We think you need these skills to ace Senior Manager, Regulatory Affairs CMC
Some tips for your application π«‘
Understand the Role: Thoroughly read the job description for the Senior Regulatory Affairs Manager CMC position. Make sure you understand the responsibilities and requirements, especially regarding CMC activities and interactions with regulatory authorities.
Tailor Your CV: Highlight your relevant experience in CMC Regulatory Affairs, particularly any work with biosimilars or interactions with EMA and other regulatory bodies. Use specific examples to demonstrate your expertise and achievements in this area.
Craft a Compelling Cover Letter: Write a cover letter that connects your background to the job requirements. Emphasise your experience with regulatory submissions and your ability to support product launches. Show enthusiasm for the role and the company.
Proofread Your Application: Before submitting, carefully proofread your CV and cover letter for any errors or typos.
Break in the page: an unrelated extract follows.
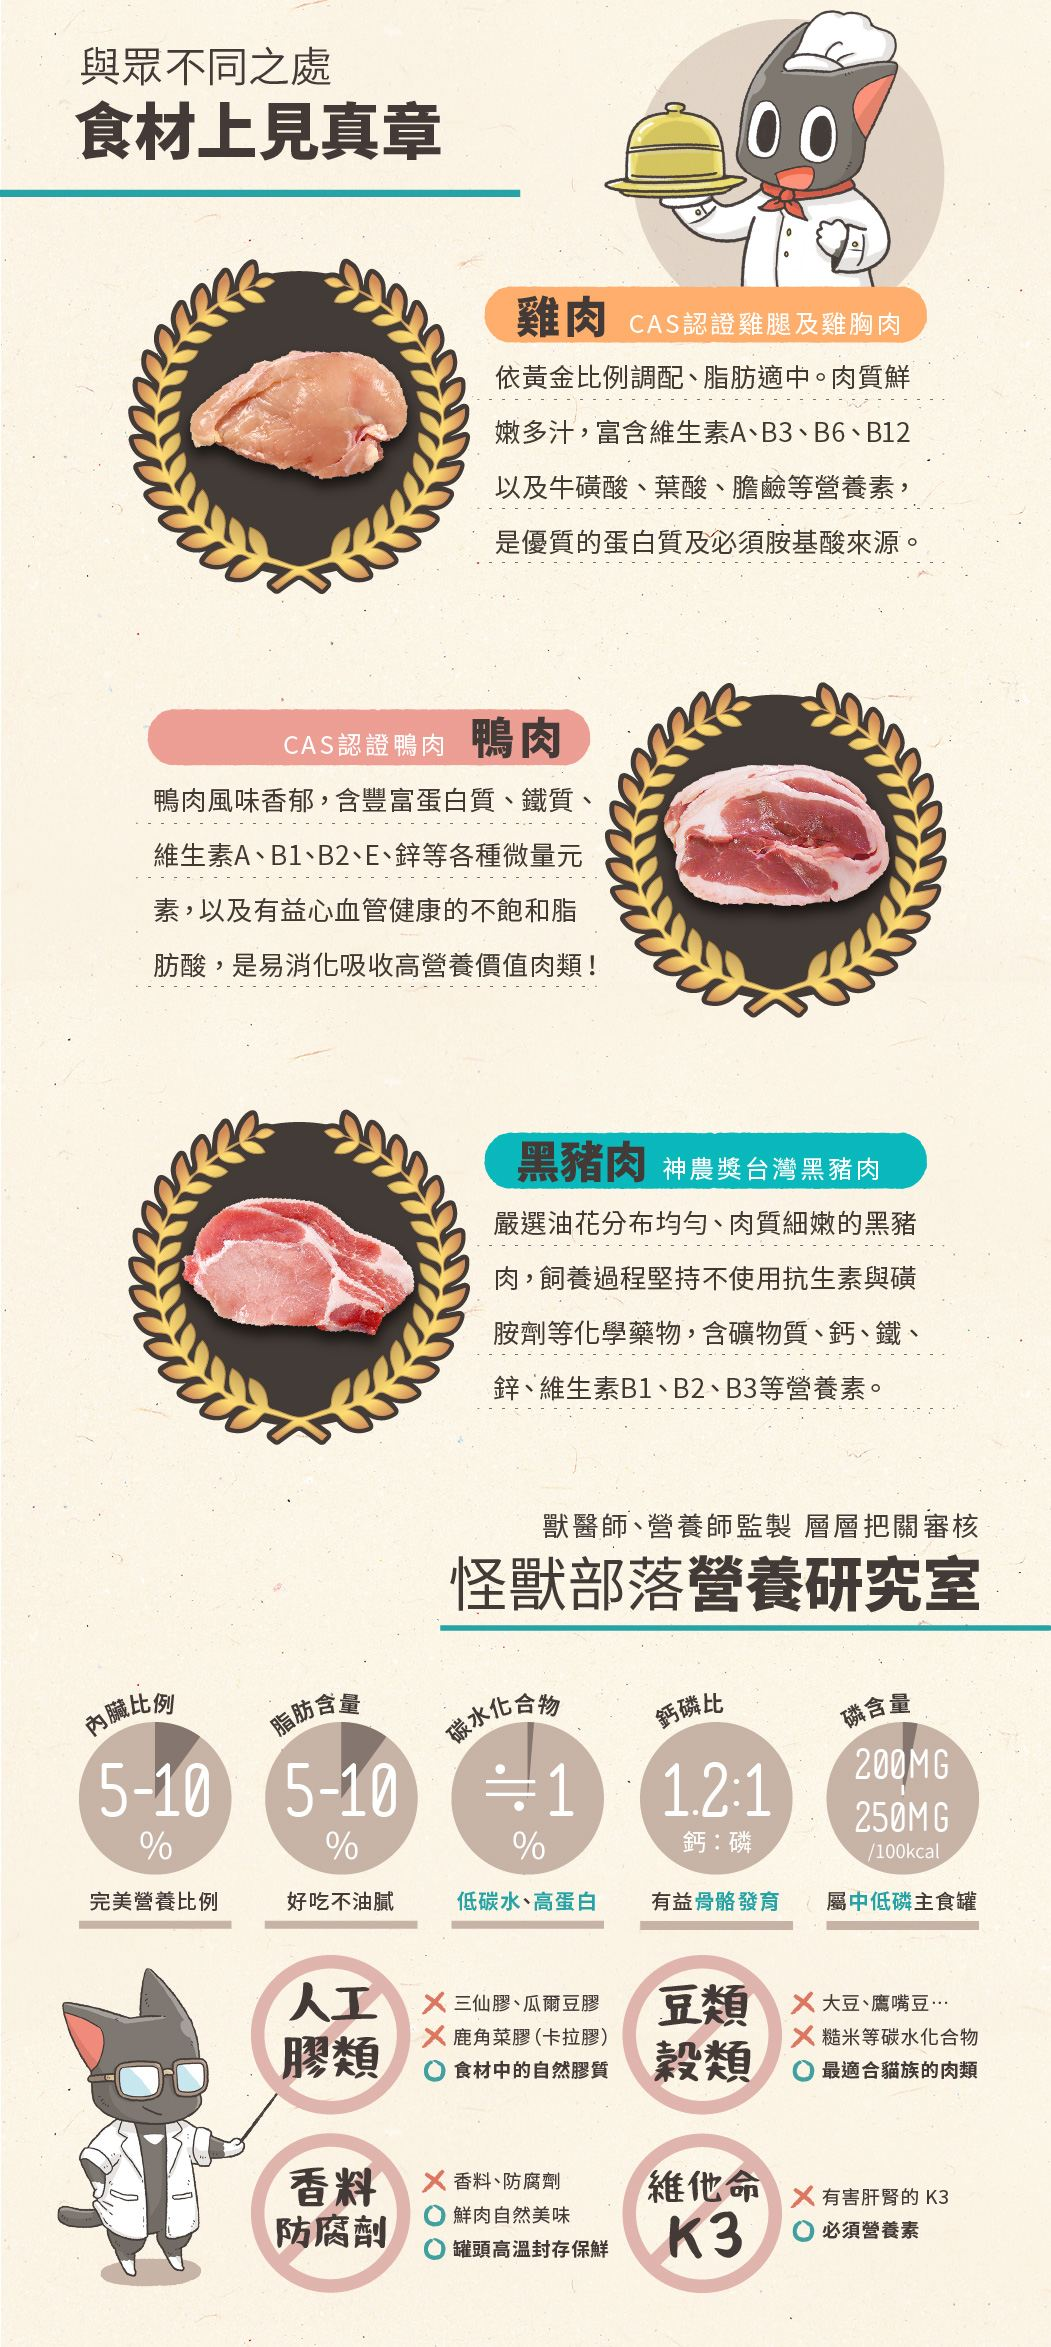 [喵皇帝] 怪獸部落 貓族 小怪獸1種肉無膠主食罐 82G 單一蛋白質低敏 純雞肉鴨肉黑豬肉 貓罐頭

A polished application reflects your attention to detail, which is crucial in regulatory affairs.
How to prepare for a job interview at Gleeson Recruitment Group
β¨Know Your Regulatory Landscape
Familiarise yourself with the latest regulations and guidelines from authorities like EMA, FDA, and ICH. Being able to discuss recent changes or trends in regulatory affairs will demonstrate your expertise and commitment to the field.
β¨Prepare for Technical Questions
Expect questions related to CMC activities and biosimilar product development. Brush up on your knowledge of submission processes and be ready to explain how you've handled similar situations in your previous roles.
β¨Showcase Your Communication Skills
As a Senior Manager, you'll need to interact with various stakeholders, including regulatory authorities. Be prepared to discuss how you effectively communicate complex regulatory information to both technical and non-technical audiences.
β¨Demonstrate Strategic Thinking
Highlight your experience in preparing regulatory roadmaps and conducting gap analyses. Discuss specific examples where your strategic insights have led to successful product approvals or mitigated regulatory risks.